Meinungen, die wiederholt werden, bleiben, was sie sind, Meinungen.
Deshalb fällt es mir schwer, einen Dialog zu führen, Fakten vs. Meinung.
Wir haben hier Meinungsfreiheit, du kannst sie unabhängig vom Thema schreiben, das ich mich an Fakten halte und nicht deiner Meinung bin, bin ich deshalb ein schlechter Mensch, oder ich bin für Krieg?
Du schreibst:
Der Glaubens-Dialog zwischen Christen und Juden besteht seit Entstehung,
Die Geschichte widerspricht deiner Meinung.
Die Geschichte widerspricht deiner Meinung.
Aber wie immer Argo, es ist unser Fehler , wir sind nicht Kompromissbereit, nicht Dialogbereit usw, natürlich unser Fehler.
Weißt du, was die meisten Juden eigentlich wollten und wollen?
In Ruhe leben, in Ruhe lieben, in Ruhe Familien gründen, in Ruhe ein Zuhause/Heimat haben, in Ruhe in die Synagoge…
Für meine Familie: nicht vertrieben zu werden, immer und immer werden, nicht verfolgt, keine Shoa.

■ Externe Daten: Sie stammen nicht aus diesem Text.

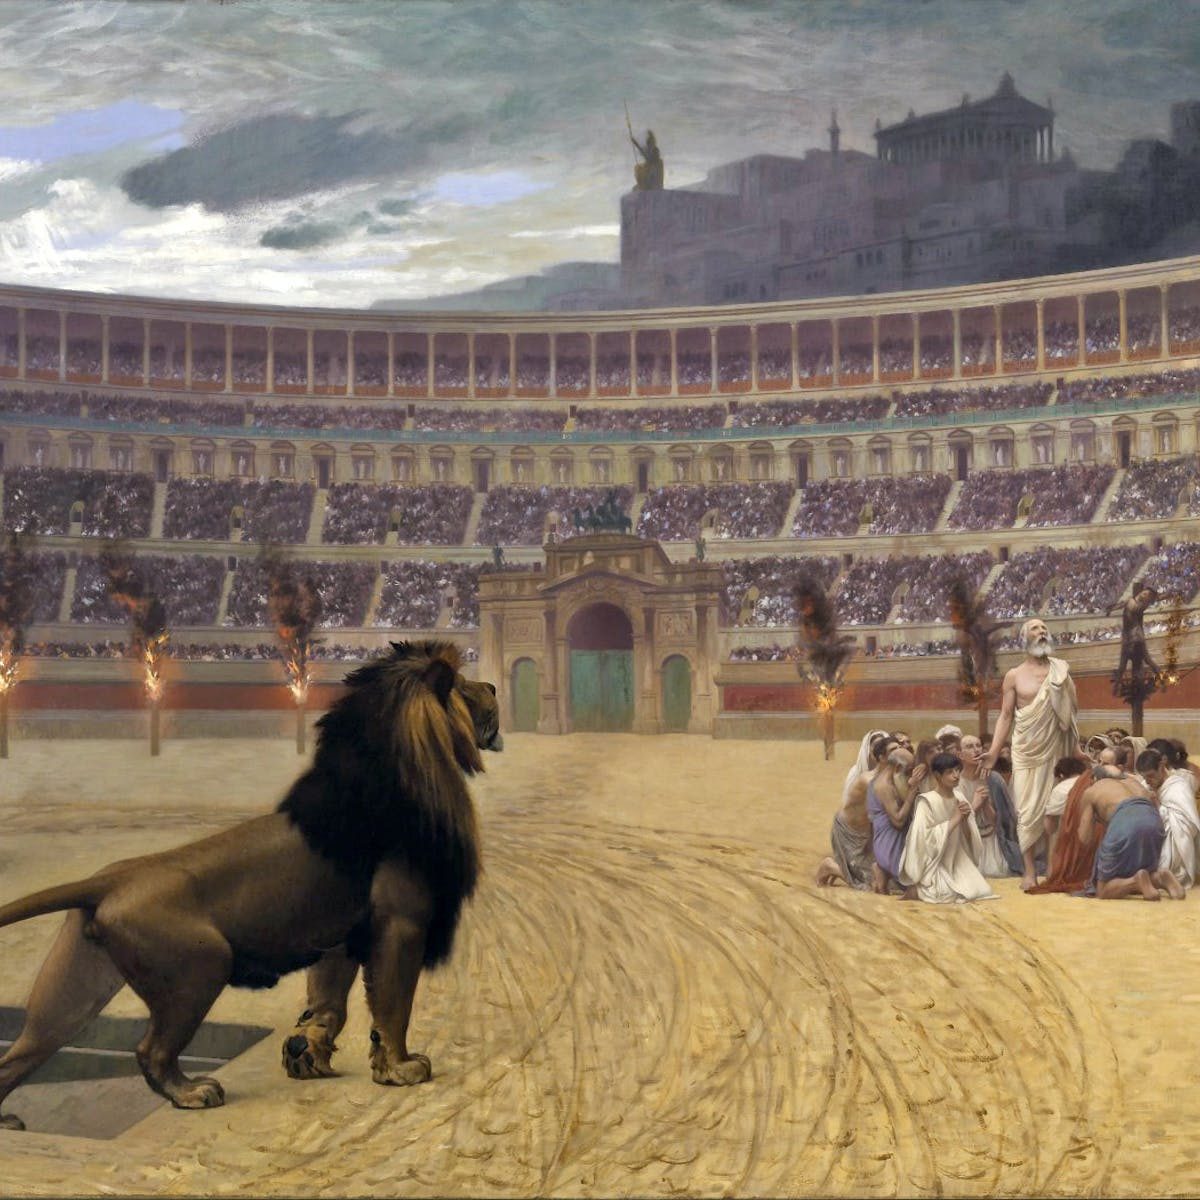 Gaius Julius Caesar vs Hades - Stránka 3 Image-20161026-11265-1pikoh7.jpg?ixlib=rb-1.1.0&q=45&auto=format&w=1200&h=1200

Die Zeit für Dialogbereitschaft war selten vorhanden und an keinem Punkt der Geschichte hätte Verfolgung und Vertreibung und Tod, hätte Dialog uns gerettet.
LG
Re: Clownis Welt
von pausenclown am 13.02.2026 11:42Hallo.
Mal ein kleines Zwischenfazit von mir.
Ich weiß nicht, wie es euch mit den Postings geht.
In zahlreichen Diskussionen, in denen ich verwickelt war, kamen reflexartig Sätze wie: Haja, gerade die Kreuzzüge, waren keine richtigen Christen. Ich kann diesen Reflex verstehen, aber ich finde das nicht zu Ende gedacht.
Es impliziert die Frage: Was ist ein richtiger Christ und wurde es in jeder Epoche anders verstanden und definiert?
Wo die Reise hingeht, wird immer deutlicher.
Im Laufe der Zeit wurde der theologische Rahmen verlassen und die Aspekte Gewalt, Verfolgung und Tod kamen dazu.
Und ehrlich, ich kann das nachvollziehen, was es nicht bedeutet, zu tolerieren.
Wenn die Identitätsbildung des Christentums in Abgrenzung zum Jüdischen passierte und zum Fundament dazugehört.
Dieses Fundament wurde ja über die Jahre verfestigt.
Bevor ich falsch verstanden werde, ist die Abgrenzung als Merkmal ein Teil der Identitätsbildung.
Shalom Pausenclown
Re: Clownis Welt
von pausenclown am 13.02.2026 06:53Hallo
Nachdem das Christentum im 4. Jahrhundert zur Staatsreligion aufgestiegen war, änderte sich der Status der Juden grundlegend.
Das Konzil von Nicäa überspringe ich und die weitreichenden Maßnahmen wurden gegen die damaligen Juden getroffen zusammen.
Diese lassen sich in drei Bereiche unterteilen.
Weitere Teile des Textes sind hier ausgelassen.